EXERCISE GOAL
Output only the lines below that start at the line containing "Girl practicing Yoga" and end at the line containing "Electromechanical engineer Ben", with both ends kept.

RECORDS PROVIDED
—————
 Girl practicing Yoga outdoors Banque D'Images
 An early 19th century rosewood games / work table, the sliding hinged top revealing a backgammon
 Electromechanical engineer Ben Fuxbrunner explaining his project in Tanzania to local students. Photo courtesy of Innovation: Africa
—————
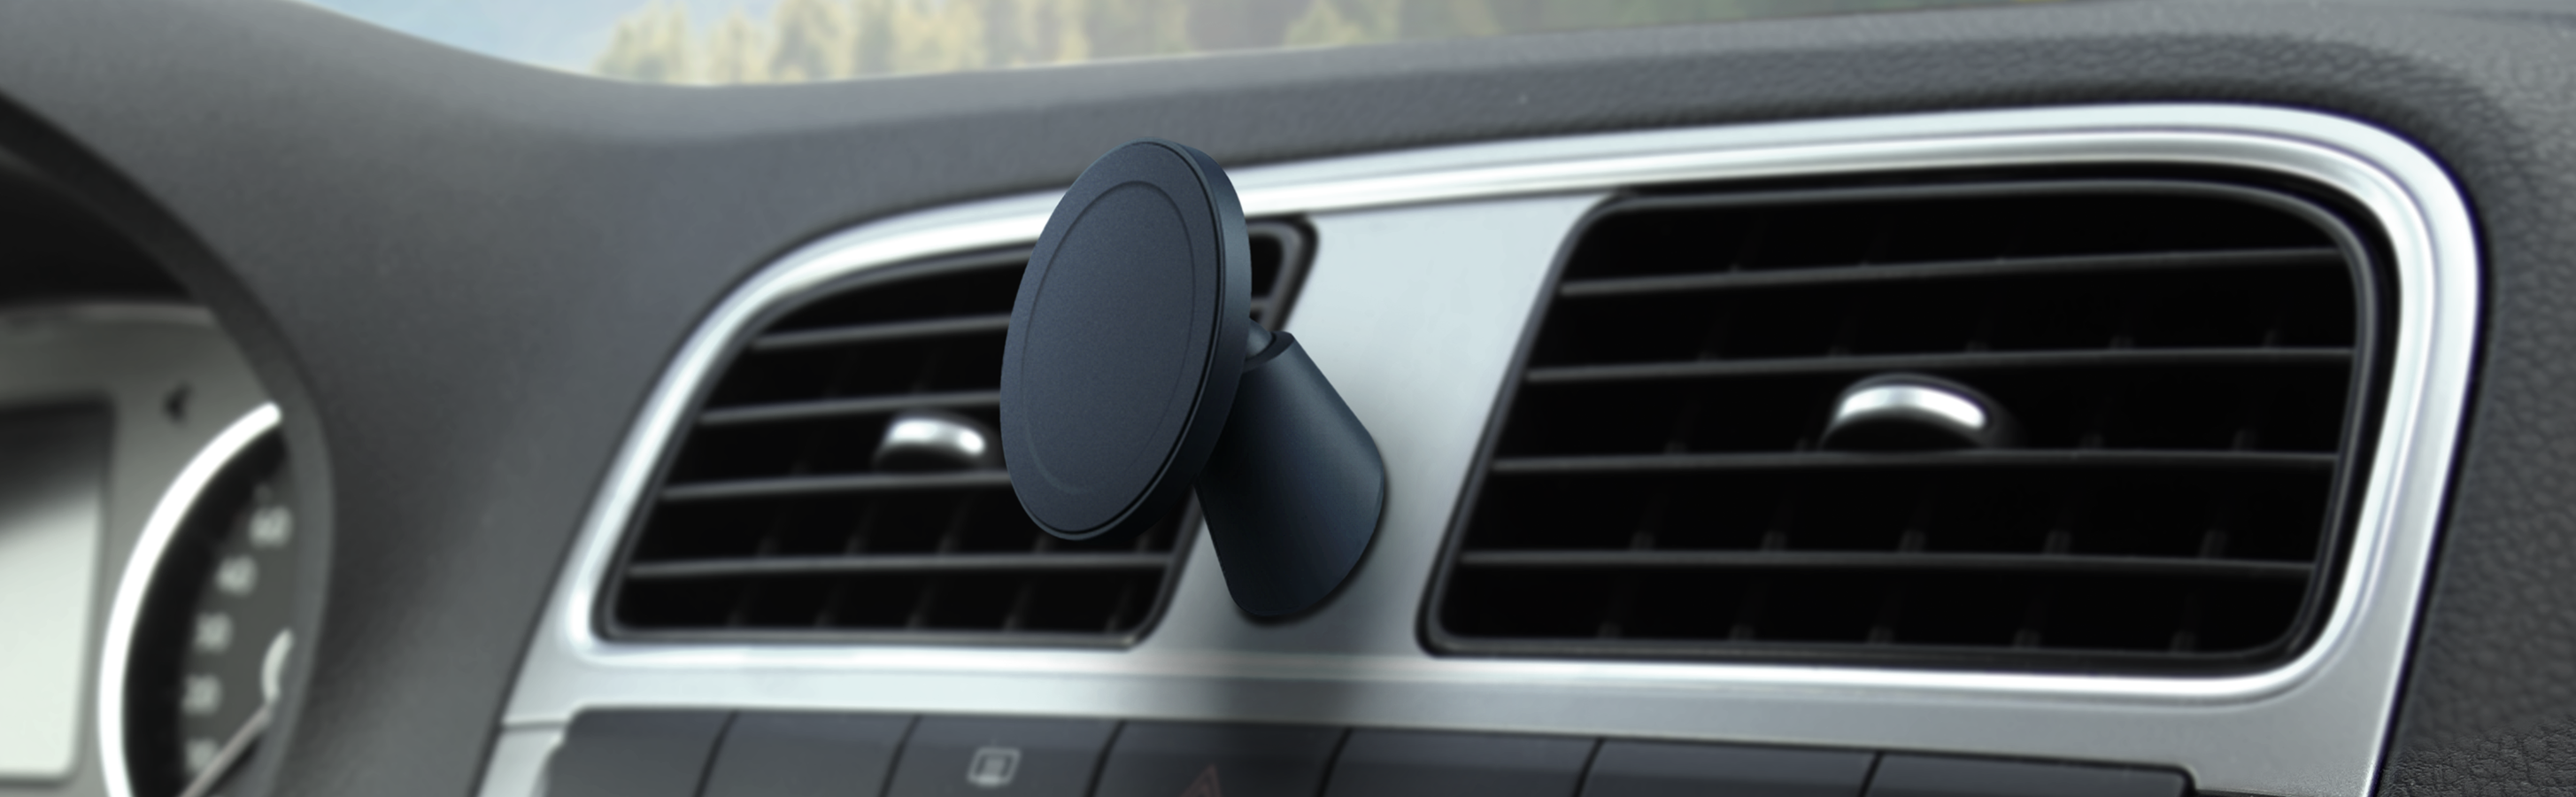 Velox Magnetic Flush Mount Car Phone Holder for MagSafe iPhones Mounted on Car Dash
—————
FINISHED TASK
 Girl practicing Yoga outdoors Banque D'Images
 An early 19th century rosewood games / work table, the sliding hinged top revealing a backgammon
 Electromechanical engineer Ben Fuxbrunner explaining his project in Tanzania to local students. Photo courtesy of Innovation: Africa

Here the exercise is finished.